At the individual level, it is clear that sleep deprivation has a deleterious impact on workplace outcomes such as decision-making quality. However, the impact of sleep quality on the team is a sparsely researched topic. The majority of the extant team-level sleep literature has explored the inverse relation between sleep deprivation and performance in governmental teams such as Army, Navy, Air Force, and NASA teams. However, no research to date has attempted to unpack how sleep quality drives the formation of interpersonal relationships between teammates.

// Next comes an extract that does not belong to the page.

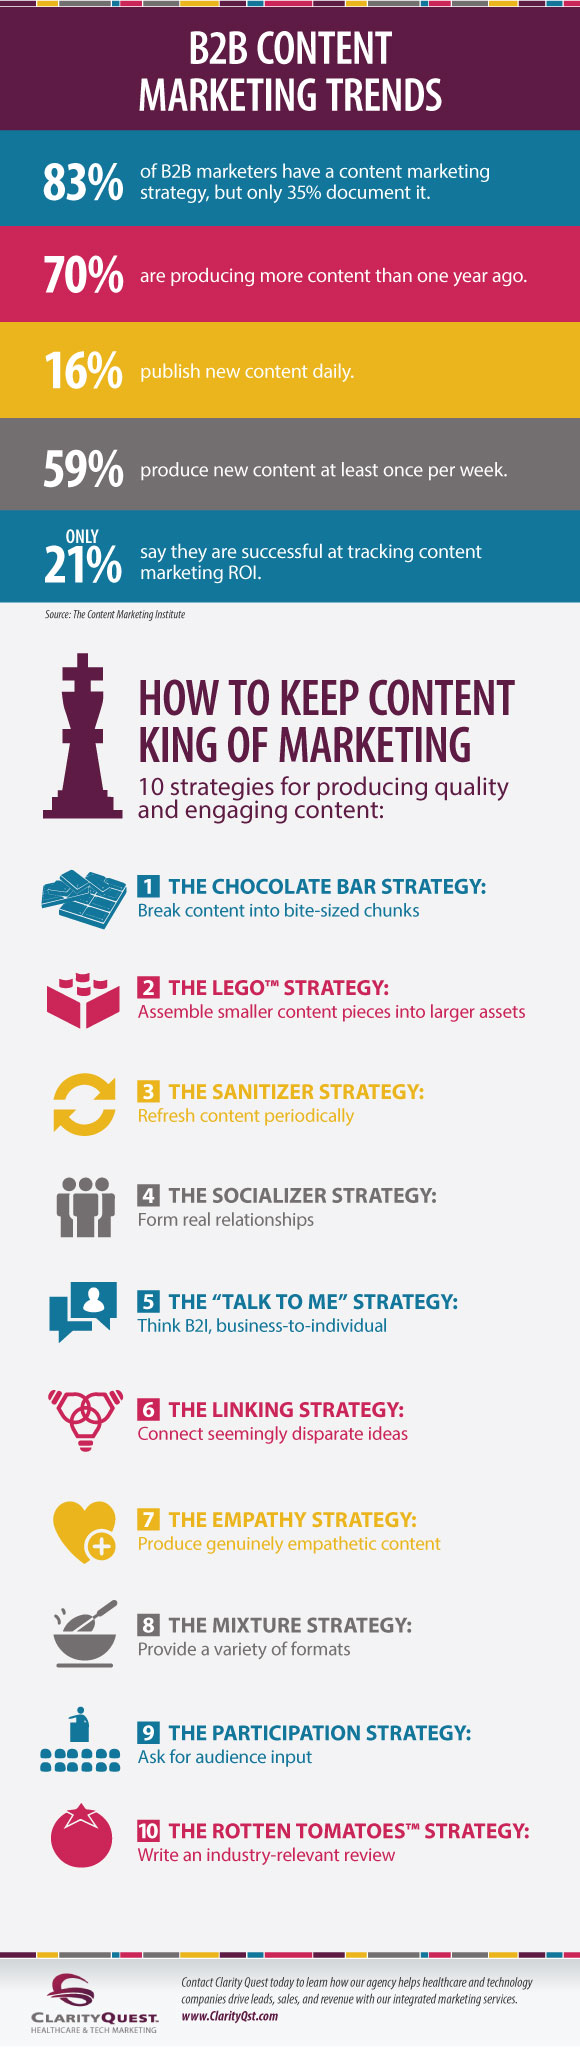 Content Marketing Trends Infographic

Recently, some teams researchers have begun to take notice of the potential practical application that health psychology topics have to their scholarly endeavors. Most notably, Barnes and Hollenbeck (2009) brought to light the fact that sleep quality has not been adequately addressed in the teams literature, and called for a more thorough examination of how sleep impacts teamwork. Thus, the purpose of this stream of research is to merge two disparate subfields of psychology—industrial-organizational and health—in order to answer the following question: how does individual sleep quality impact dyadic relationships, collective creativity, and decision-making in the workplace? Furthermore, our lab is interested in understanding how situational constraints such as stress may moderate these relations.